DESCRIPTION OF THE TASK » What is needed is an exact repetition of the lines from the first one in the data through the line with "ソリティア 王道 ストレート 婚約指輪 ダイヤモンド 銀座 重ね付け", with no pictures.

DATASET EXCERPT »

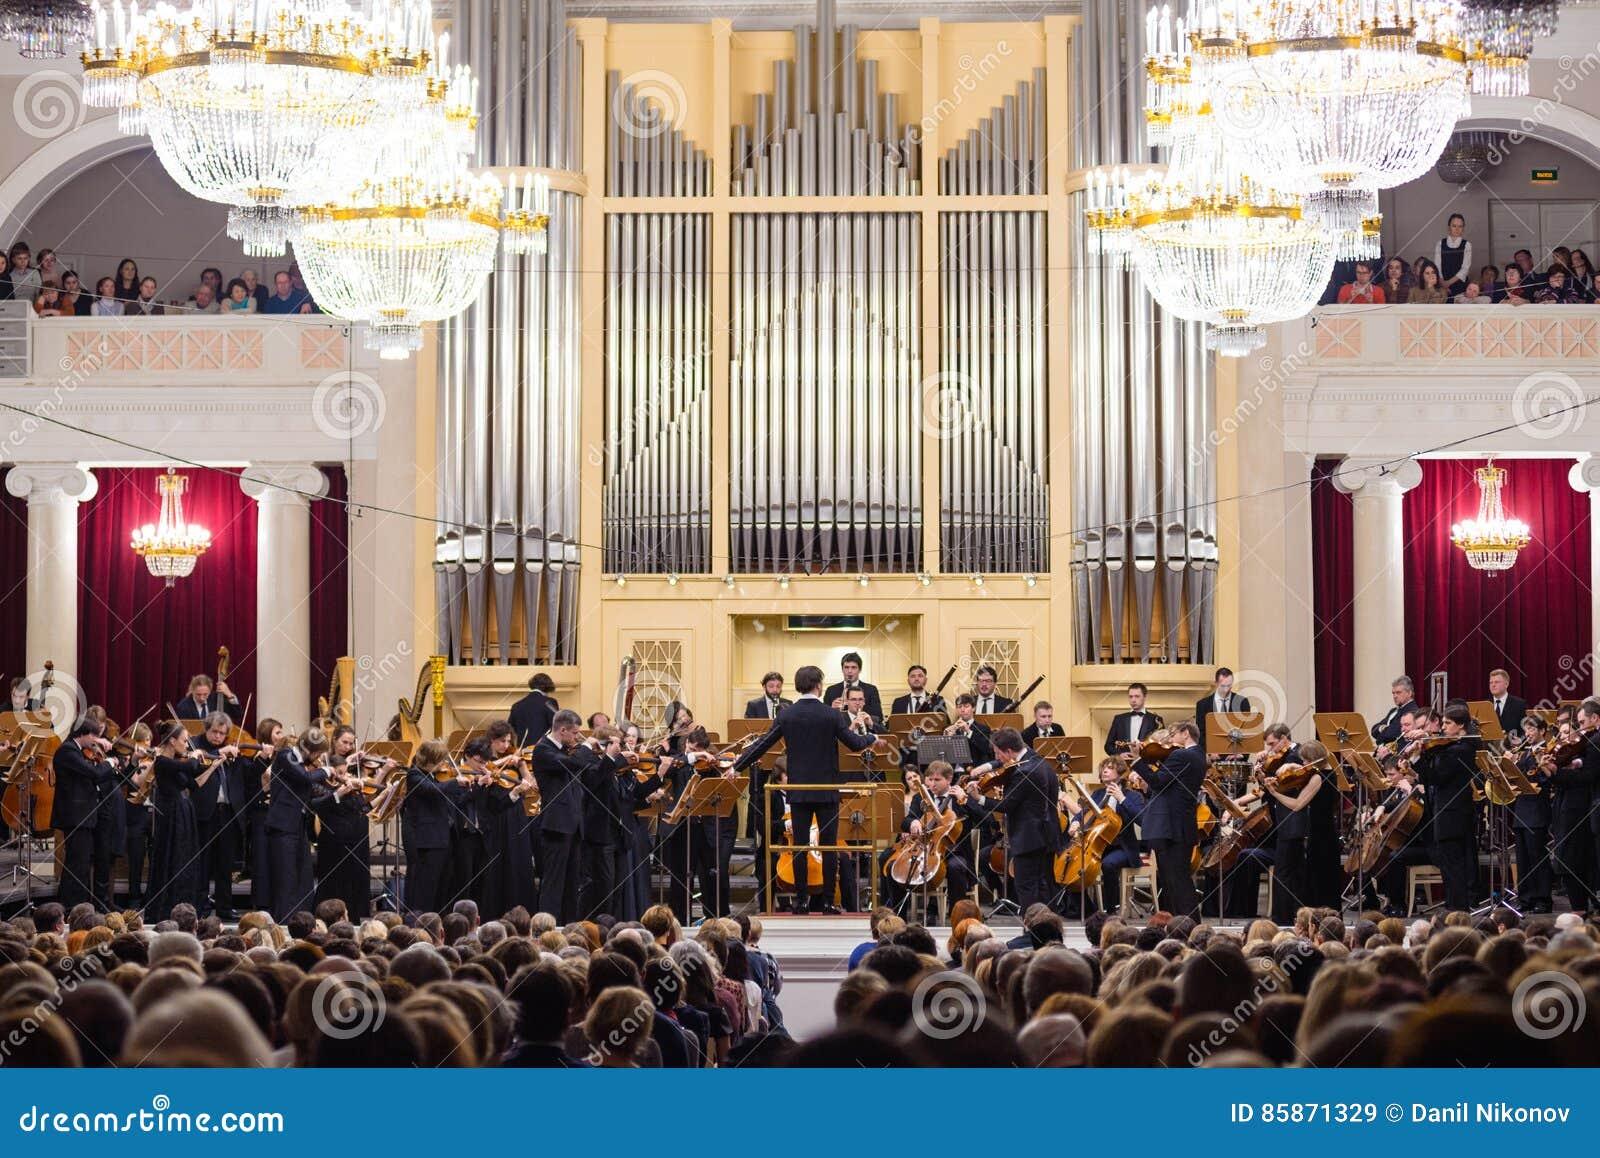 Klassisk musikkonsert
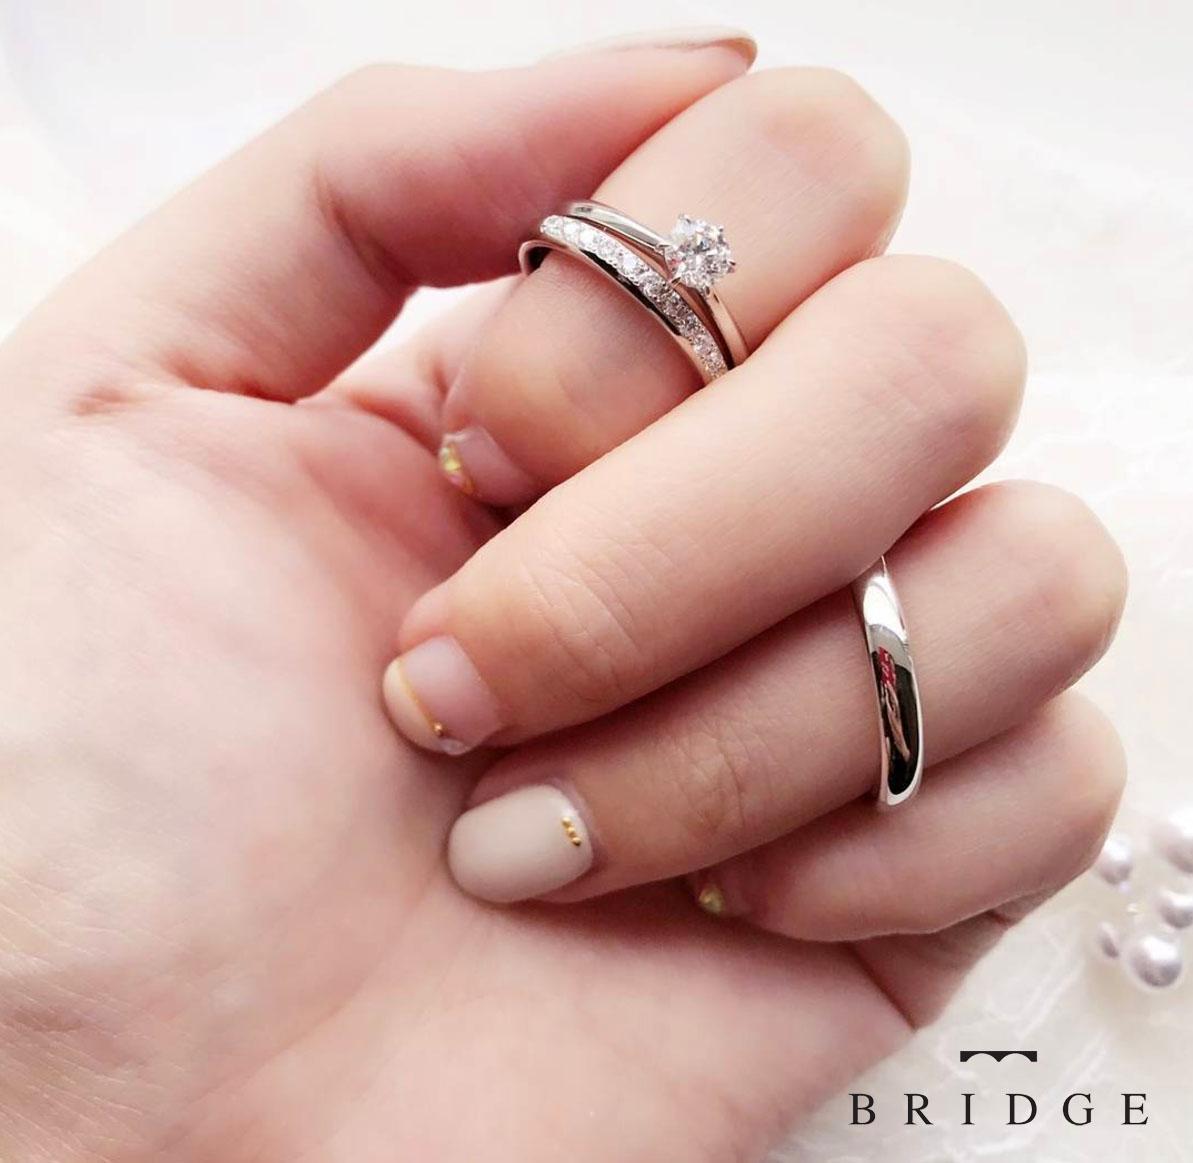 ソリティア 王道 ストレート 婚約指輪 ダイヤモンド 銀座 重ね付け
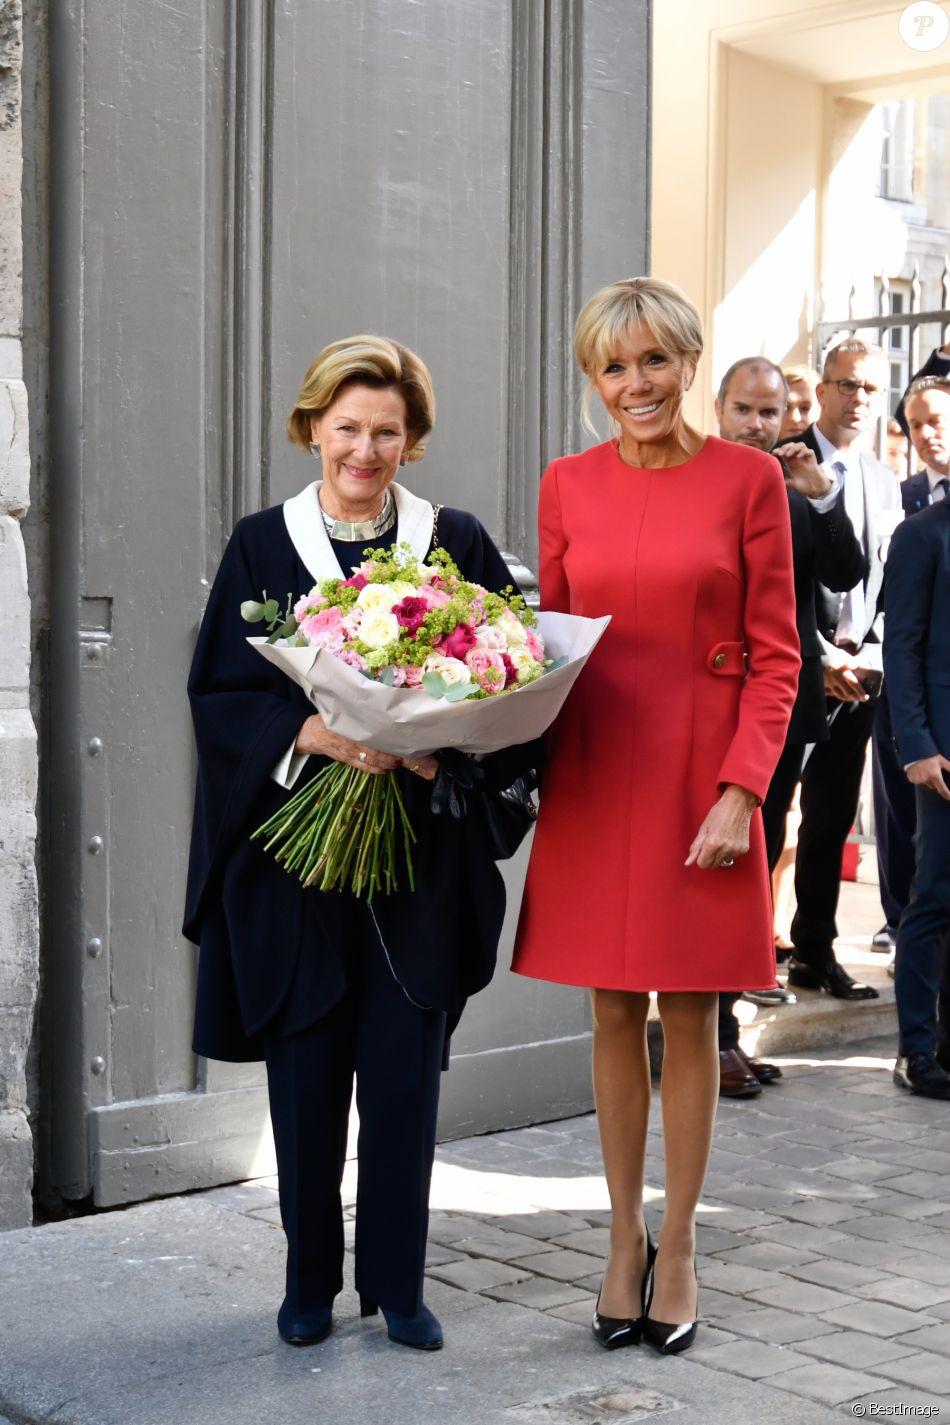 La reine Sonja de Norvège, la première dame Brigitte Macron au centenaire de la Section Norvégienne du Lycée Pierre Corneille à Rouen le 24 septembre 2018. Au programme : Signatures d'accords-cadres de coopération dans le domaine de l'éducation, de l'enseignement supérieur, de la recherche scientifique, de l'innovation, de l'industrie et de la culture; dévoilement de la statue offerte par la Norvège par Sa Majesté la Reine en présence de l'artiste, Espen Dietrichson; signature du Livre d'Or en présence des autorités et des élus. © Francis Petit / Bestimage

SOLUTION FOR THIS EXERCISE »
 Klassisk musikkonsert
 ソリティア 王道 ストレート 婚約指輪 ダイヤモンド 銀座 重ね付け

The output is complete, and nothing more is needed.